Another interesting tidbit, which if I had ever thought about I would have realized: what you feed your baby will have a direct and visible effect on what is produced from The Other End. Beets, for example, produce purple poo. Increased quantities of solid foods produce poo that is both easier to clean up and infinitely smellier. The poo of an exclusively breast-fed baby has been said to smell like buttered popcorn — the poo of a baby eating three meals a day of purees and finger foods smells like SHIT.

Now, poo is not the only thing that comes out at that end, and people who do not have kids may shake their heads in disgust when they overhear two mommies in a grocery store loudly discussing their babies’ peeing frequency, color, and scent. What? How else do you determine if the child is well enough hydrated? A dirty diaper is like a car’s dashboard — that is where you find your baby’s check engine indicator, as well as his fluid levels and fuel gauge. Seems reasonable to me that you’d discuss these things.

And it is reasonable. I may think about my child’s defecation habits more than my previous, No-Kid incarnation may think is normal, but that’s just one thing that I think about, and no more than any other person who spends most of their time physically caring for another person does.

It’s when things go wrong, though, that it really becomes terrifying. My son has only been sick once in his life at this point, and the experience was far more traumatic for me than for him (at least, that’s what I tell myself).

He had a stomach virus.

Stomach viruses manifest a little differently in babies than they do in adults. He vomited a little for about a day, and simultaneously began having diarrhea.

He had diarrhea for ten days.

(Yes, I called the pediatrician. We chatted. It was fine.)

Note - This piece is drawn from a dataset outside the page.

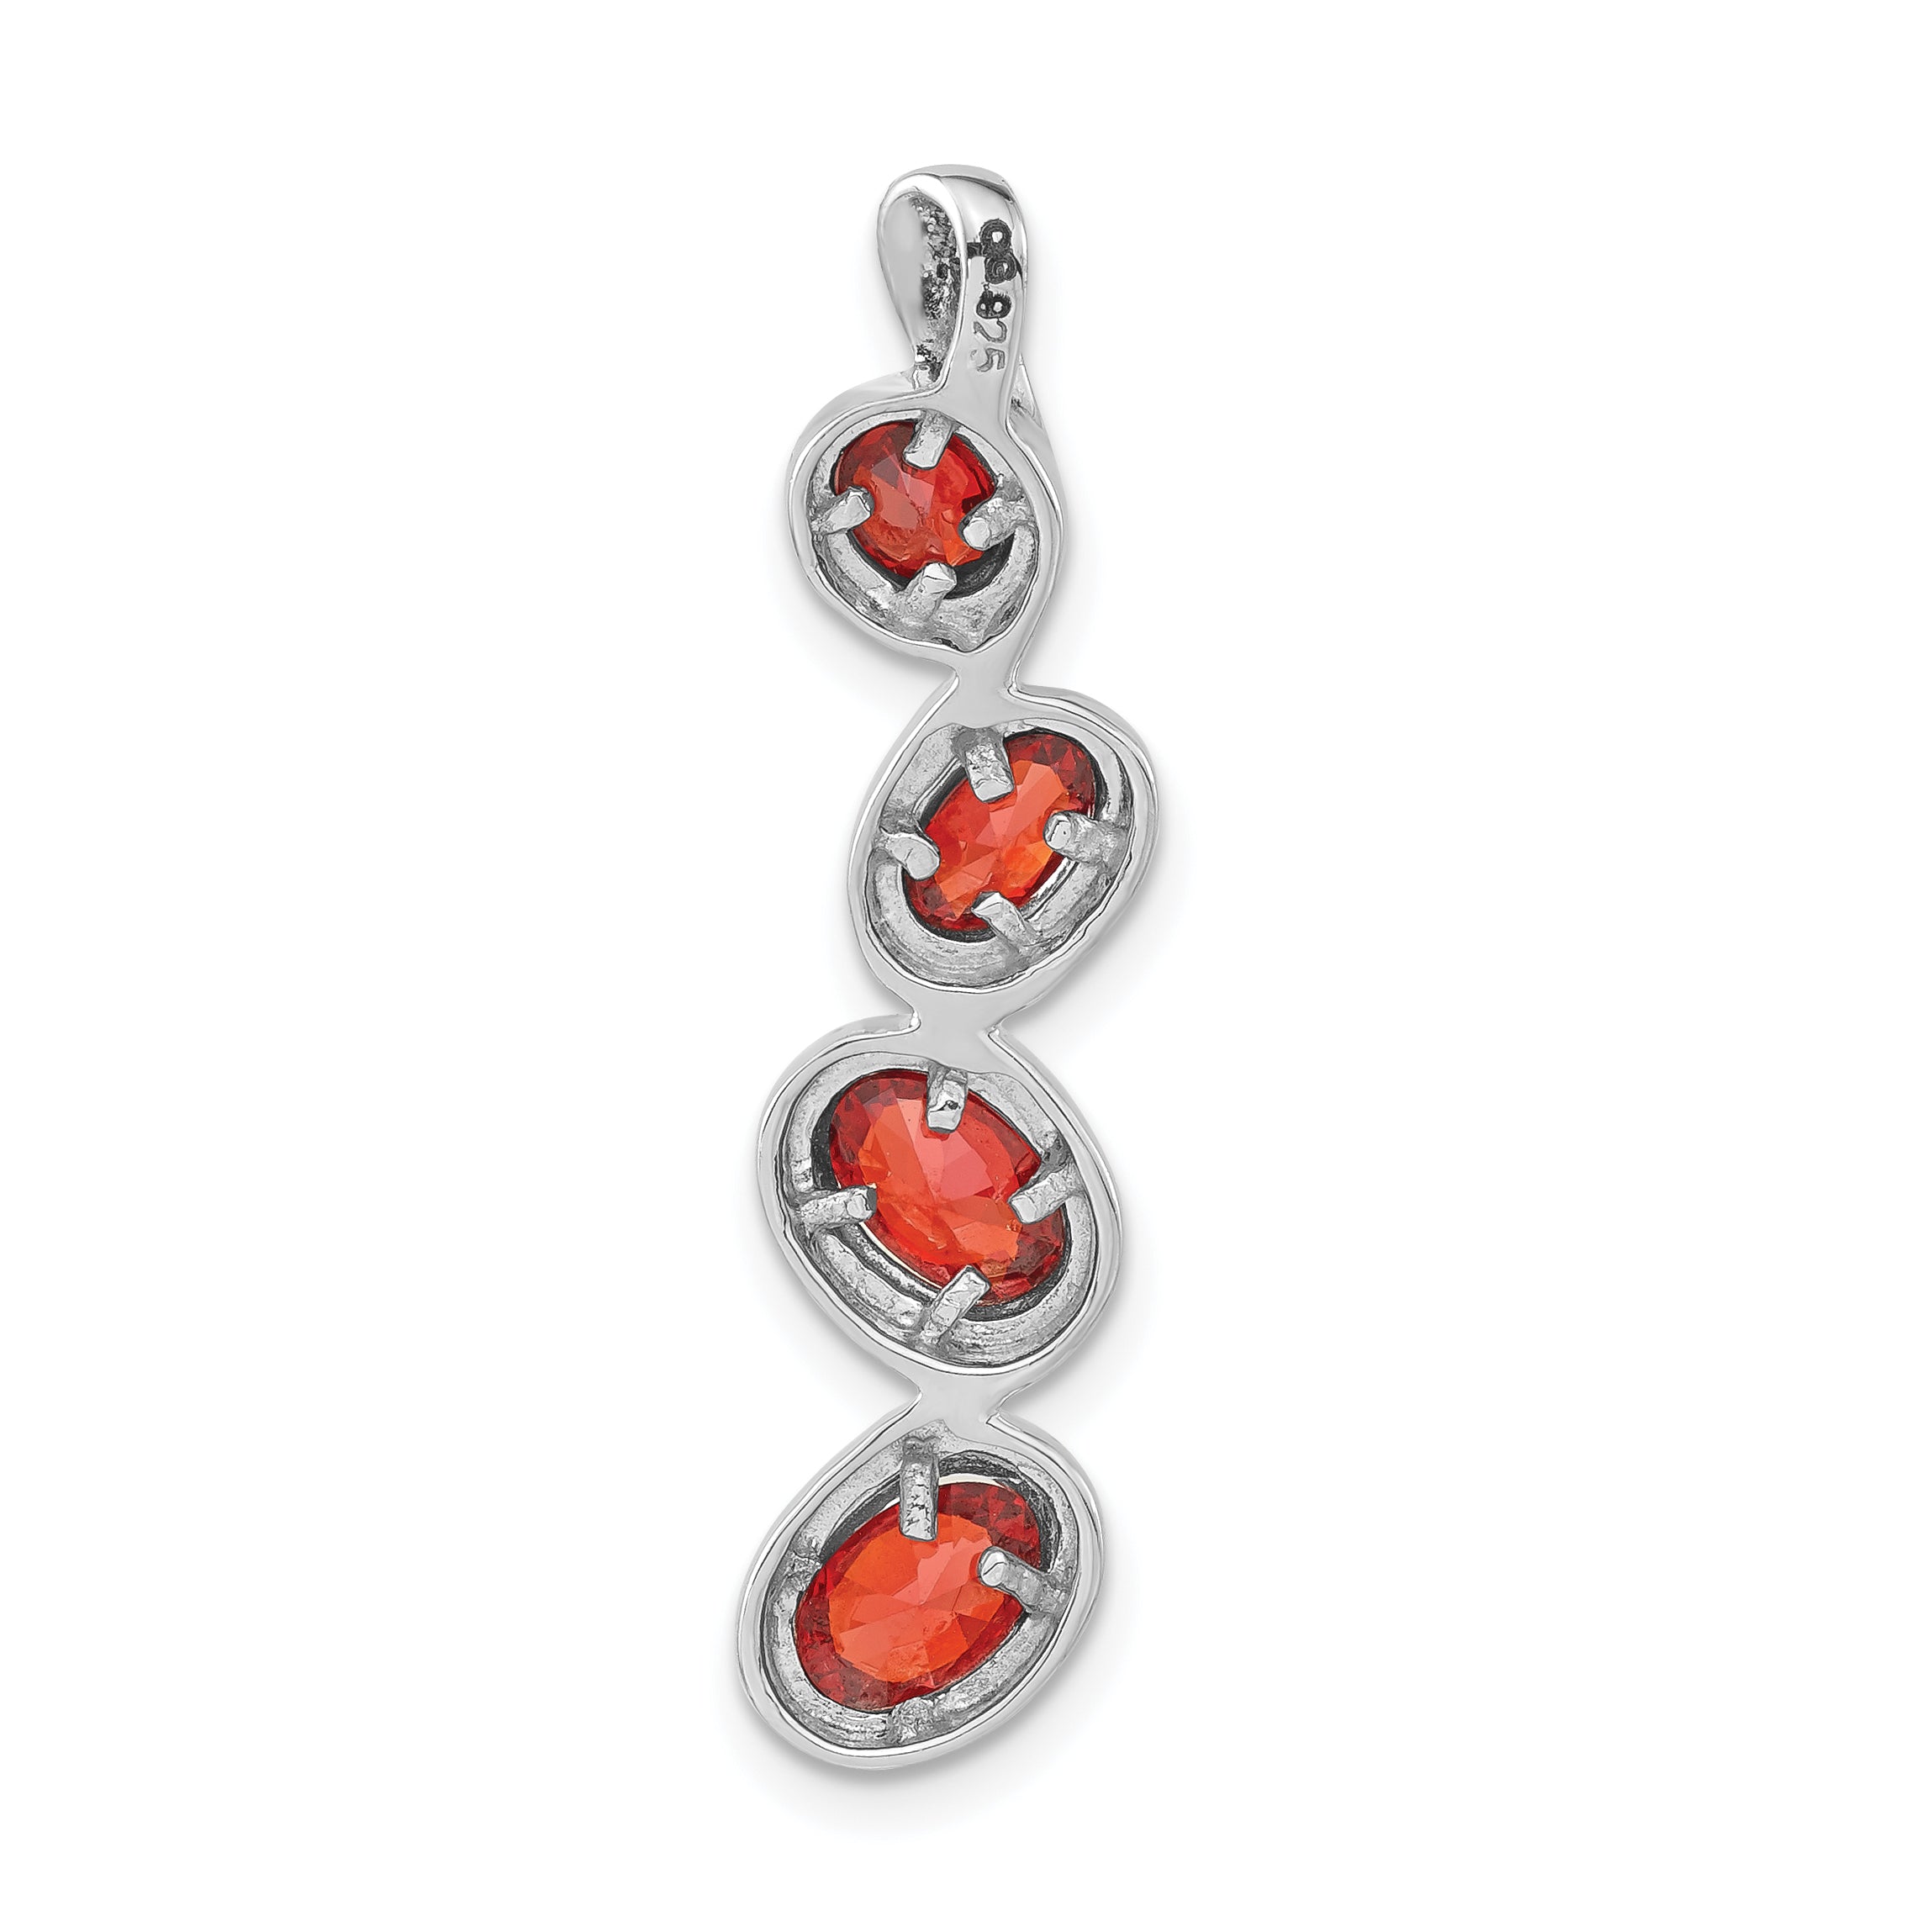 Sterling Silver Red CZ Pendant
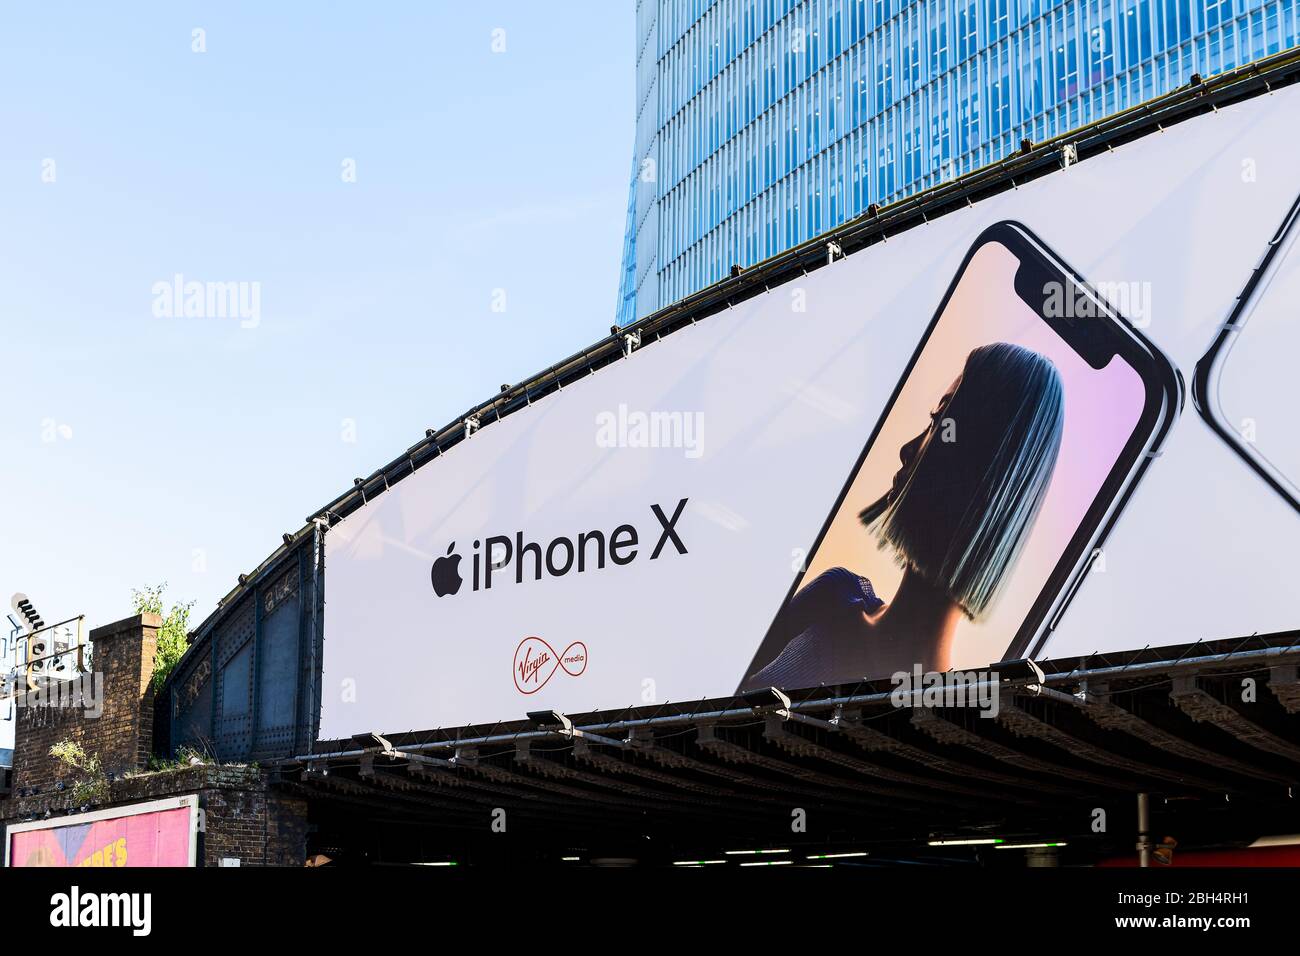 London, UK - June 22, 2018: Advertisement Billboard sign for iPhone X and Virgin Media and background of modern skyscraper building Stock Photo

At its peak, he had ten poopy diapers in a day. For most of the ten days, he had about eight poopy diapers.

You’ve had diarrhea (admit it, you have) so you know what it looks — and smells — like. The smell filled the house and crept into my dreams. But that isn’t the worst of it.

See, diarrhea eats away at flesh. This is also something that you’re likely aware of — the fabled Ring of Fire — though you certainly don’t remember a time when you spent the better part of every day not just producing it but SITTING IN it. This made for red, raw, excruciatingly painful diaper rash.

Really, all I can say for that time is thank goodness for All-Natural Beaudreaux’s Butt Paste. Yes, yes, the baby was hurting and screamed whenever I tried to clean the area. I have great sympathy for him. But the thing I remember most about that time (other than the smell, because seriously, it was intense) is having nightmares in which I was drowning in diarrhea and unable to get to my child who was screaming because his butt was ROTTING AWAY. Until that child was well again, complete with an unmarred bottom, I thought of absolutely nothing but his poo and the issues immediately surrounding it.

And this is why mommies think, talk, and obsess about excrement.

*This does not refer to the lovely coffee house at Drew University, at which I worked for two years and almost never had to clean up pee or poo.